> [Aim of the exercise] Can you transcribe the data exactly? Leave the pictures out.

> [Data segment]

---

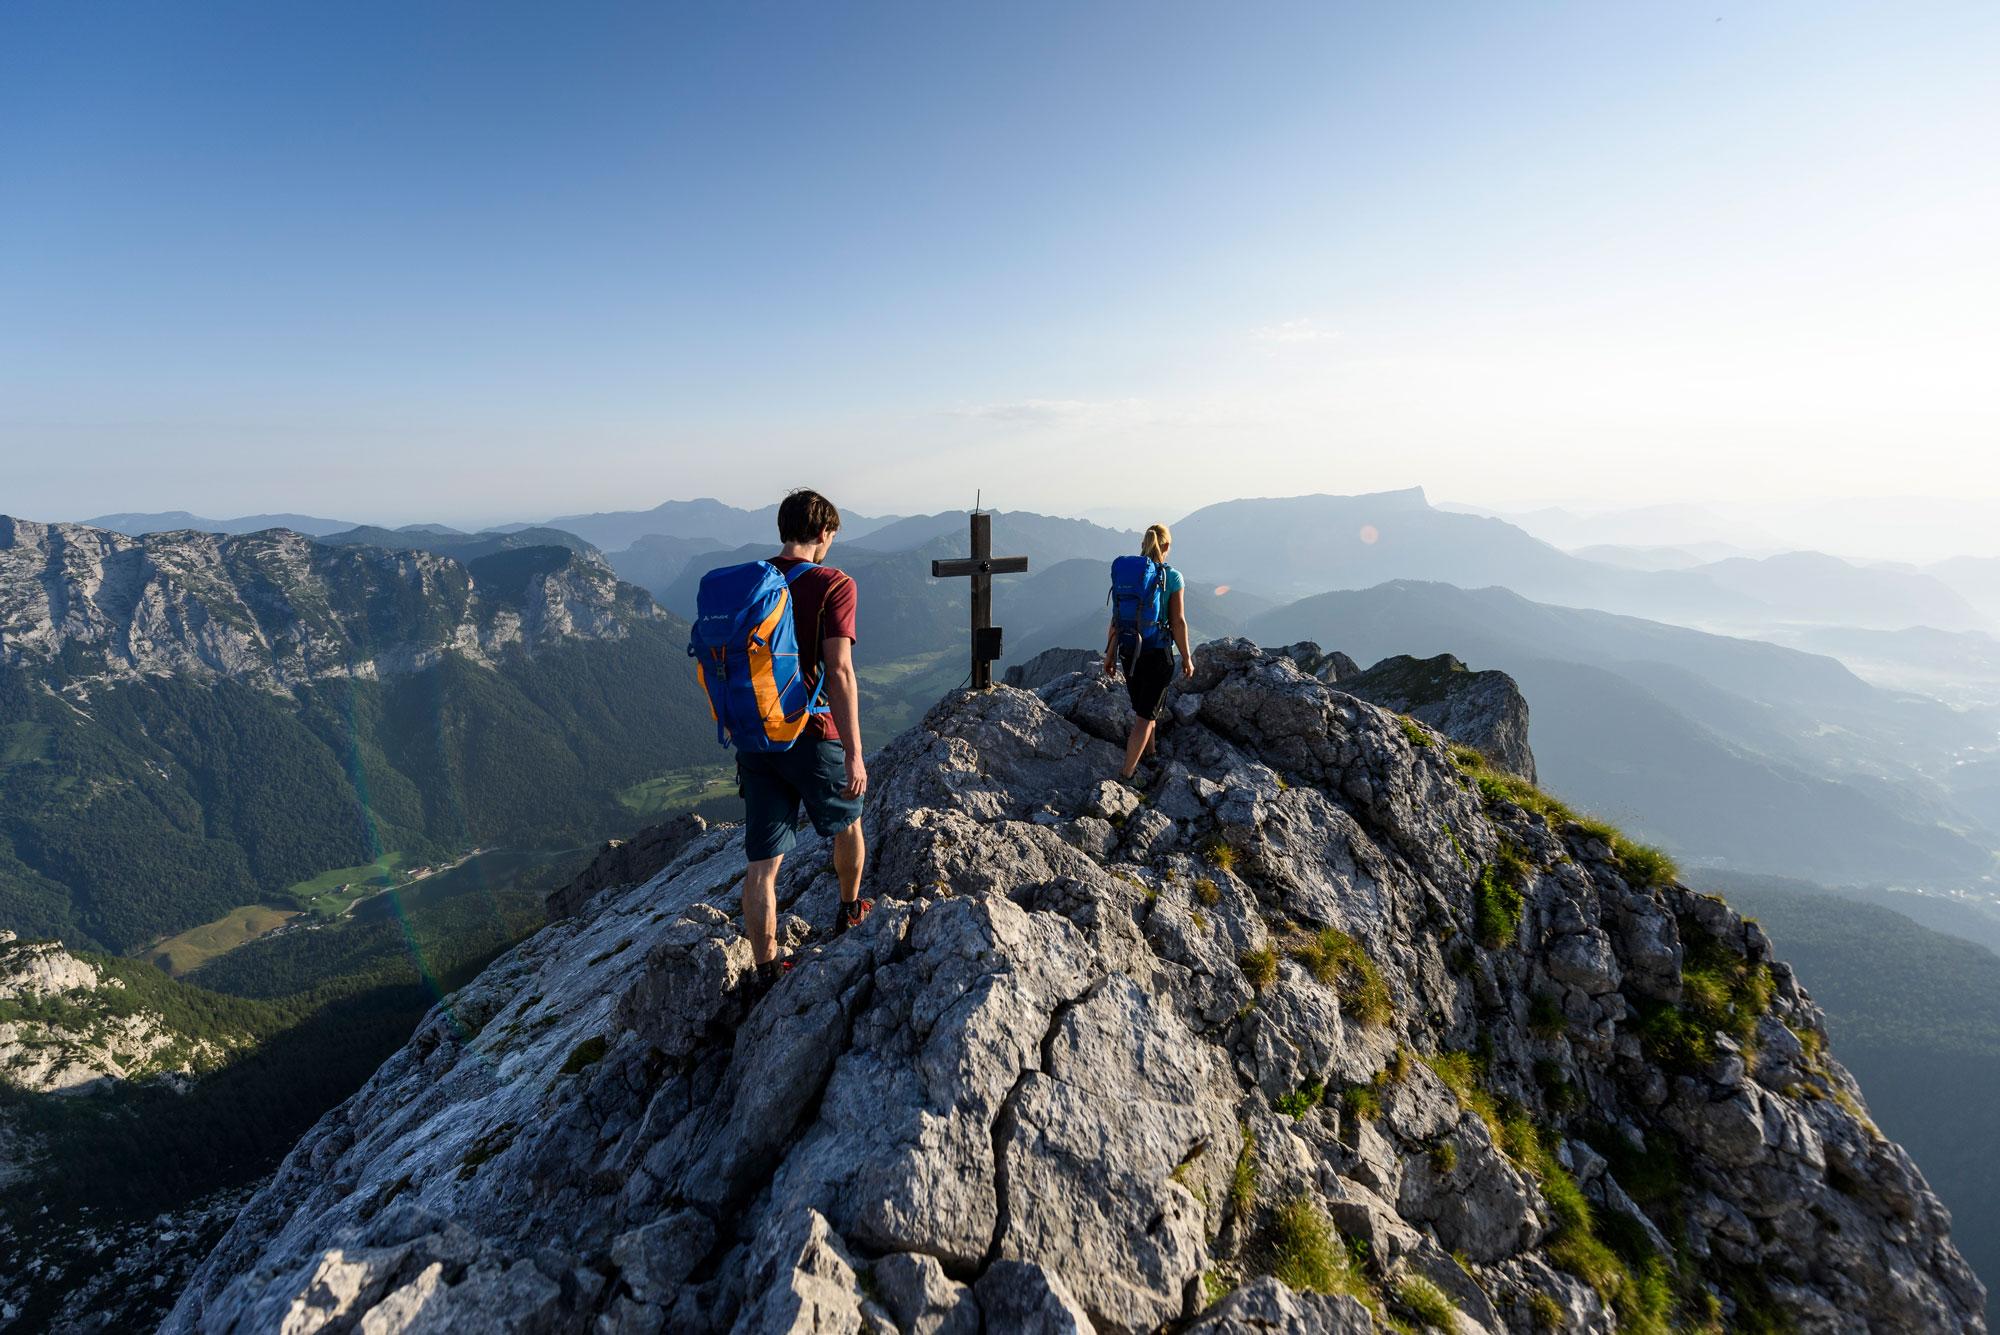 Hoch hinaus zum Gipfelkreuz © DAV/Wolfgang Ehn
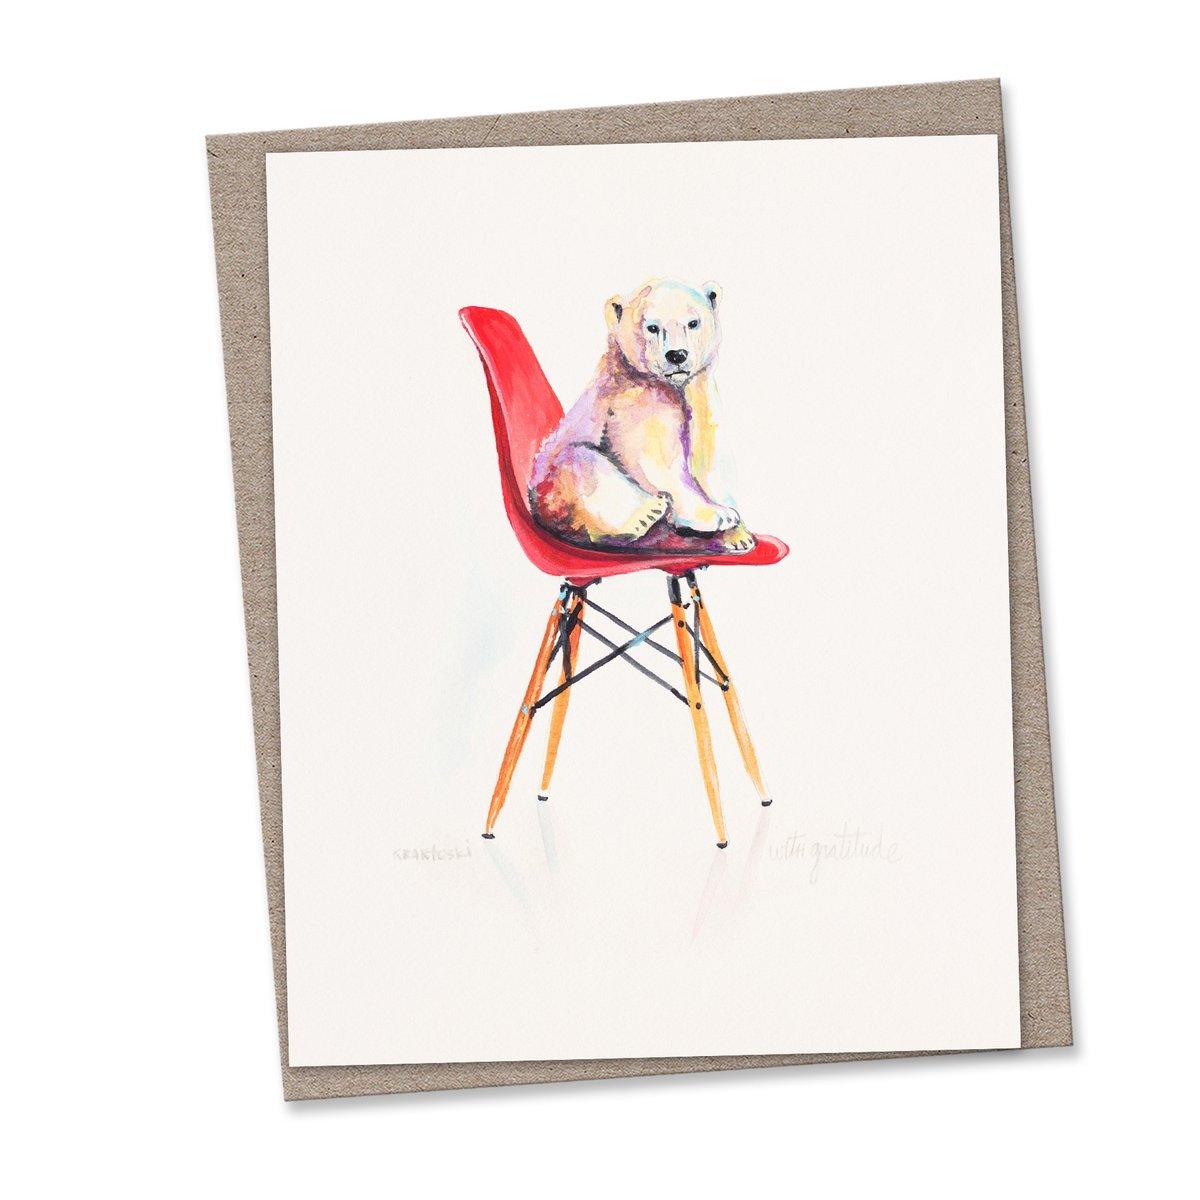 Image of POLAR BEARS + CHAIRS prints
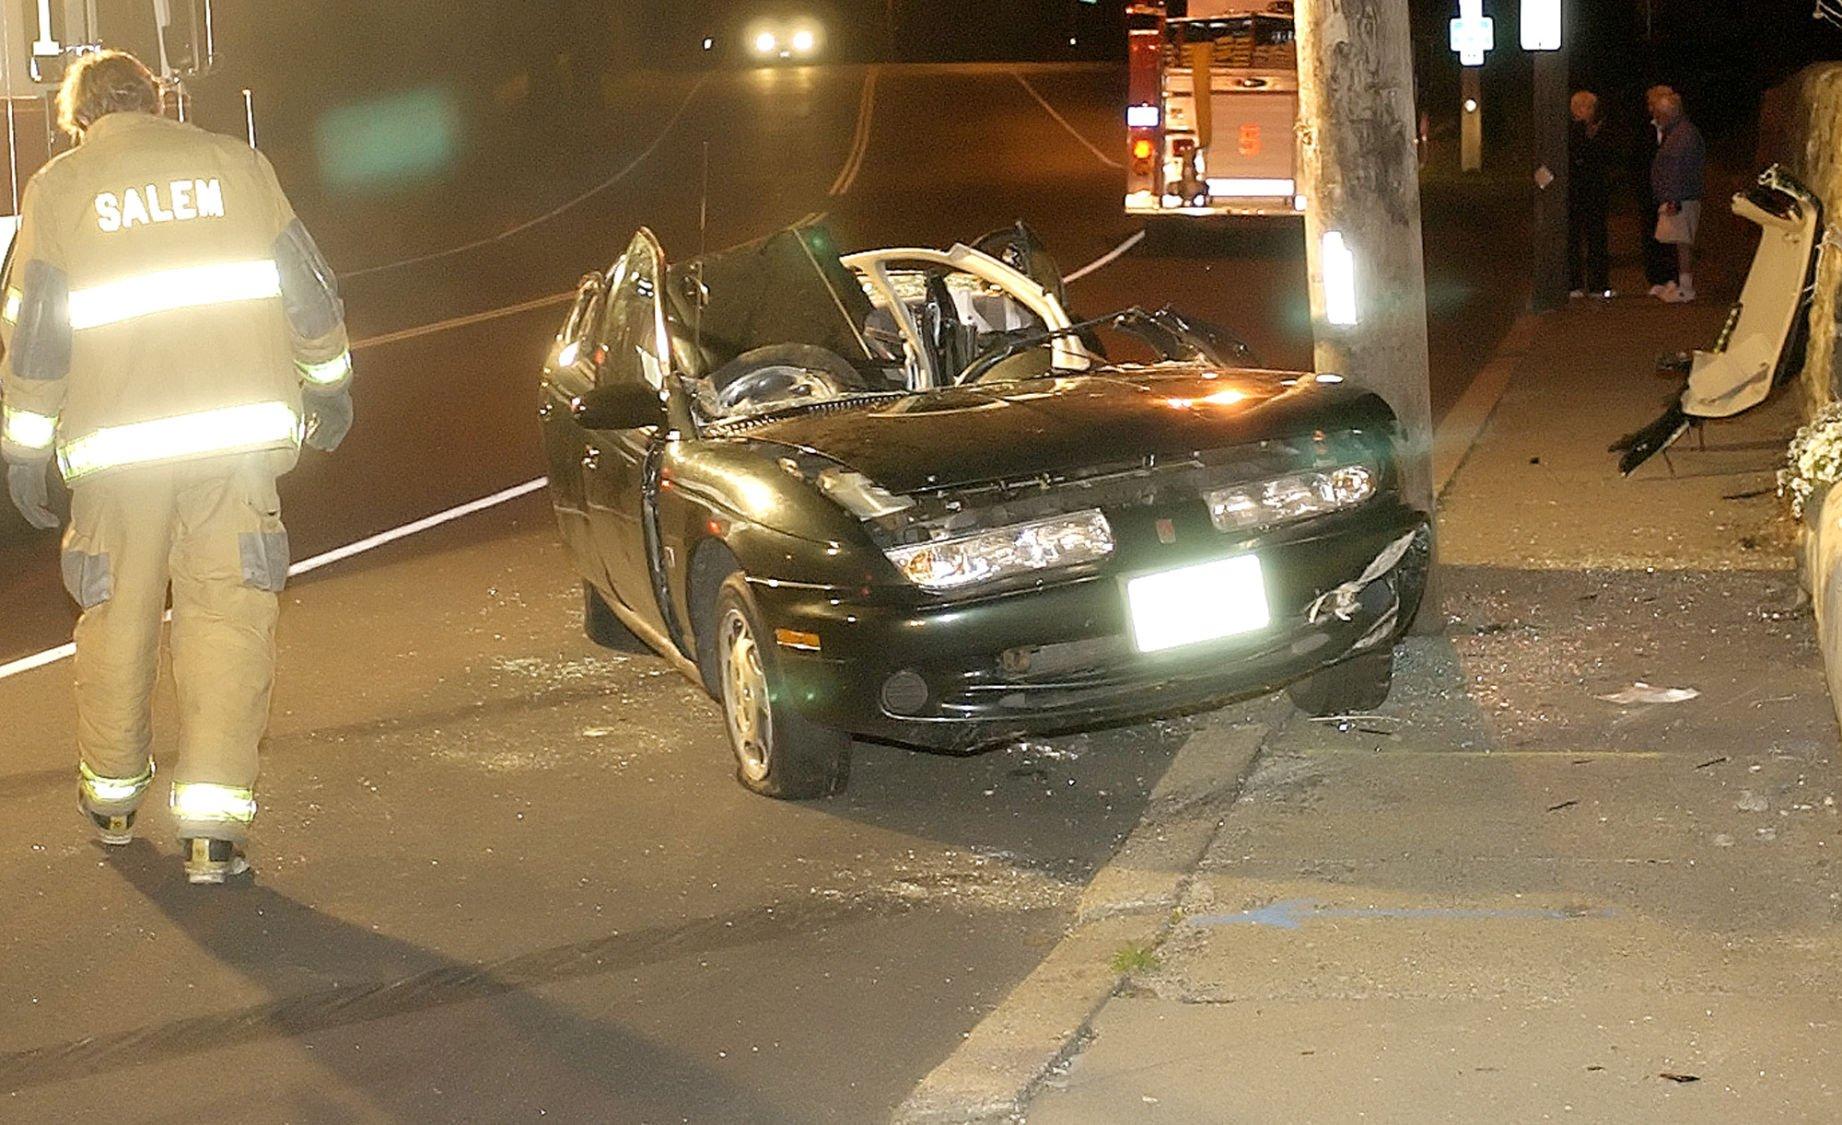 salem teen seriously injured in car accident archives salemnews com rh salemnews com

---

> [Result of the exercise]
 Hoch hinaus zum Gipfelkreuz © DAV/Wolfgang Ehn
 Image of POLAR BEARS + CHAIRS prints
 salem teen seriously injured in car accident archives salemnews com rh salemnews com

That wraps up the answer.